ACM Transactions on

Internet of Things (TIOT)


A New ACM Publication

ACM Transactions on Internet of Things (TIOT) is a new ACM journal that will publish novel research contributions and experience reports in several research domains whose synergy and interrelations enable the IoT vision. TIOT focuses on system designs, end-to-end architectures, and enabling technologies, and on publishing results and insights corroborated by a strong experimental component.  The submission site is now open and the first issue is expected for publication in the second half of 2019.

Topics relevant to the journal are:

  • Real-world applications, application designs, industrial case studies and user experiences of IoT technologies, including standardization and social acceptance
  • Communication networks, protocols, and interoperability for IoT
  • IoT data analytics, machine learning, and associated Web technologies
  • Wearable and personal devices, including sensor technologies
  • Human-machine and machine-machine interactions
  • Edge, fog, and cloud computing architectures
  • Novel IoT software architectures, services, middleware as well as future Internet designs
  • Fusion of social and physical signals in IoT services
  • Non-functional properties of IoT systems, e.g., dependability, timeliness, security and privacy, robustness
  • Testbeds for IoT

All submissions are expected to provide experimental evidence of their effectiveness in realistic scenarios (e.g., based on field deployments or user studies), and the related datasets. The submission of purely theoretical or speculative papers is discouraged, and so is the use of simulation as the sole form of experimental validation.

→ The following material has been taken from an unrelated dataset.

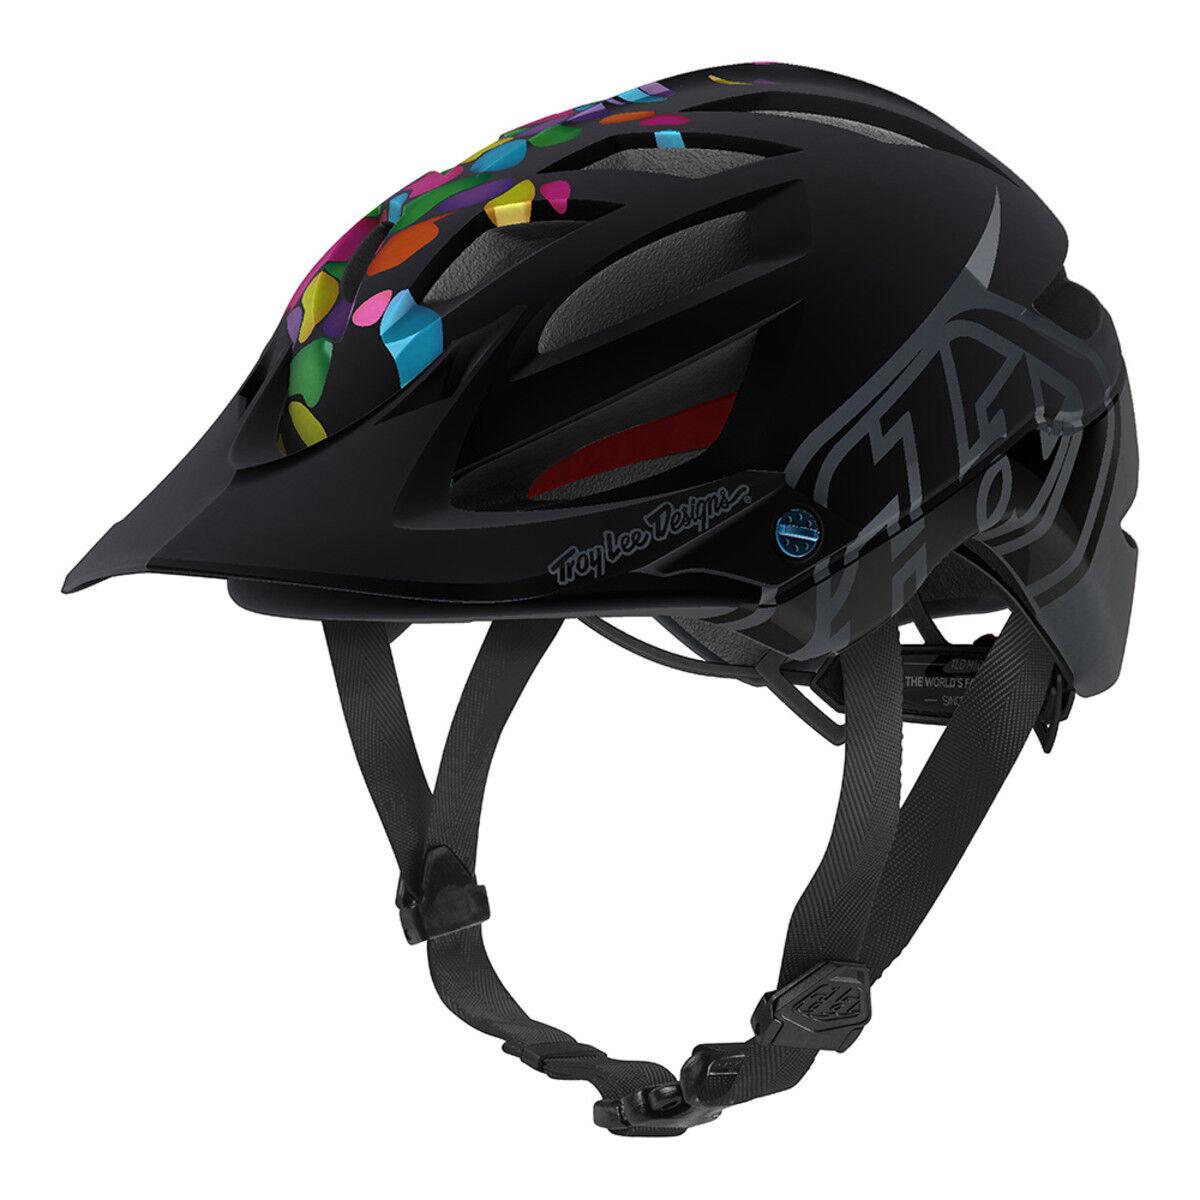 2018 Tld Troy Lee Designs Jugend A1 Multi-Einfluss Jelly Bean Mountainbike Helm

Experience reports about the use or adaptation of known systems and techniques in real-world applications are equally welcome, as these studies elicit precious insights for researchers and practitioners alike. For this type of submissions, the depth, rigor, and realism of the experimental component are key, along with the analysis and expected impact of the lessons learned.

Forthcoming Articles
Capacitor-based Activity Sensing for Kinetic Powered Wearable IoTs

We propose a novel use of the conventional energy storage component, i.e., capacitor, in kinetic-powered wearable IoTs as a sensor to detect human activities. Since different activities accumulate energies in the capacitor at different rates, these activities can be detected directly by observing the charging rate of the capacitor. The key advantage of the proposed capacitor based activity sensing mechanism, called CapSense, is that it obviates the need for sampling the motion signal during the activity detection period thus significantly saving power consumption of the wearable device. A challenge we face is that capacitors are inherently non-linear energy accumulators, which, even for the same activity, leads to significant variations in charging rates at different times depending on the current charge level of the capacitor. We solve this problem by jointly configuring the parameters of the capacitor and the associated energy harvesting circuits, which allows us to operate on charging cycles that are approximately linear. We design and implement a kinetic-powered shoe sole and conduct experiments with 10 subjects. Our results show that CapSense can classify five different daily activities with 95% accuracy while consuming 73% less system power compared to conventional motion signal based activity detection.

PassiveVLP: Leveraging Smart Lights for Passive Positioning

Localization based on visible light is gaining significant attention. But most existing studies rely on a key requirement: the object of interest needs to carry an optical receiver (camera or photodiode). We remove this requirement and investigate the possibility of achieving accurate localization in a passive manner, that is, without requiring objects to carry any optical receiver. To achieve this goal, we exploit the reflective surfaces of objects and the unique propagation properties of LED luminaires. We present geometric models, a testbed implementation, and empirical evaluations to showcase the opportunities and challenges posed by this new type of localization. Overall, we show that our method can track with high accuracy (few centimeters) a subset of an object's trajectory and it can also identify passively the object's ID.

TSCH Networks for Health IoT: Design, Evaluation and Trials in the Wild

Sensing technology and the emerging Internet of Things (IoT) have the potential to solve major societal challenges associated with healthcare provision. Yet, to fully meet this potential, Health IoT applications must be supported by dependable data collection infrastructures. In this context, low-power wireless protocols for residential Health IoT applications are characterized by high reliability requirements, the need for an energy-efficient operation, and the need to operate robustly in diverse environments and in presence of external interference. To address these challenges, we enhance the Time-Slotted Channel Hopping (TSCH) protocol from the IEEE 802.15.4 standard with a new schedule and an adaptive channel selection mechanism to increase its performance in this domain. Our evaluation in a test house shows that for our e-Health application, the enhanced system shows better results than both the standard TSCH and state-of-the-art options such as the SmartMesh IP stack, the Orchestra scheduler, and the 6top distributed scheduling mechanism. Results from 29 long-term residential deployments confirm the suitability for the application. The results show 99.96 % average reliability in the uncontrolled environments for networks that generate 7.5 packets per second on the average.